That the whole structure of feeling and response could be affected by a
highly organized, mediated socialization of the hapless individual is
indeed the terror of our time. Also the total mobilizations of populations
for war and their effects on the artistic expression of entire nations
constitutes a real problem even for alleged democracries.
In the USA Abstract Expressionism began as a form of dissent of sorts, in
reaction to the patriotic mobilization of art with its regionalism,
"uplifting" themes, etc. (Who knew that the upstarts would later become
hegemonic and displace and marginalize the very art that marginalized them?)

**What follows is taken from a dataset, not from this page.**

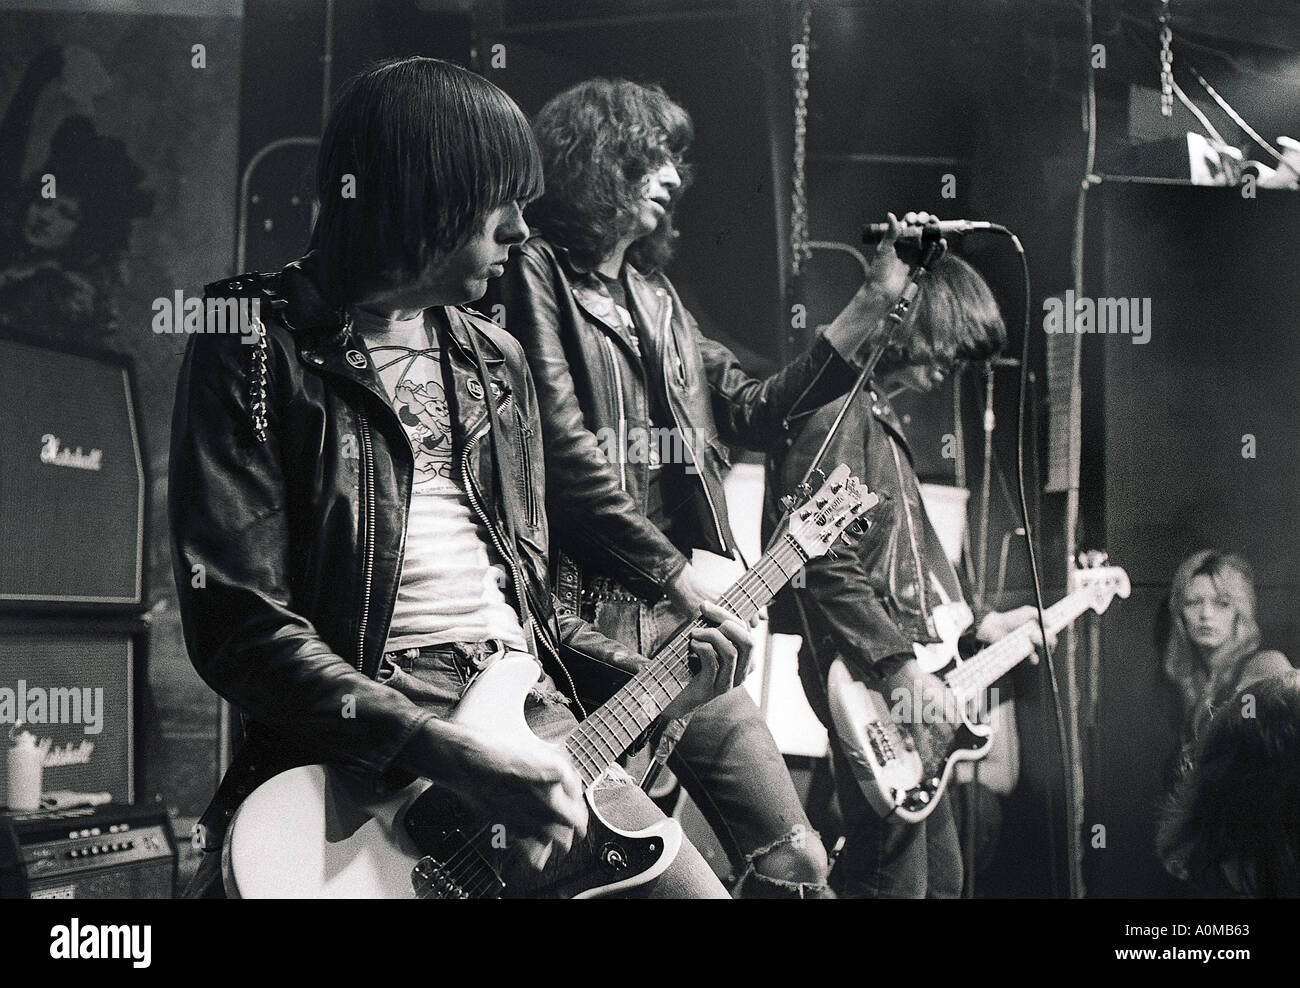 Punk Rock, New York NY, USA 'CBGB's' Nightclub Interior  'The Ramones' Performing on Stage 'Johnny Ramone', punk rock'n'roll Guitar, vintage 1970s Stock Photo

When it comes to the mass media, one has above all the popularity of the
movies, characterized by larger-than-life personalities, the star system,
and a rather narrow framework for content. There is clearly something
fascistic about this, though there are other ways of looking analyzing the
popularity of this stuff. CLR James had a somewhat more optimistic
interpretation (see AMERICAN CIVILIZATION, some chapters in THE CLR JAMES
READER, some commentary in SPECIAL DELIVERY), in which he sees the
situation as a compromise between classes (termed by Andrew Ross a sort of
collective bargaining agreement in an essay in RETHINKING CLR JAMES).
Spmetimes James is seen to be gung ho on pop culture like the Cultural
Studies people now, but that's not quite so. Still, I think James
underestimated the extent to which the masses were adversely affected by
such large-scale cultural mobilization. (In fact sometimes I think he was
full of crap.) This has to do with his West Indian background; he
approached the threat of totalitarianism from a whole different vantage
point than where it was reaching its fruition in Europe; James assumed that
totalitarianism had to lose, whereas it scared the shit out of everyone else.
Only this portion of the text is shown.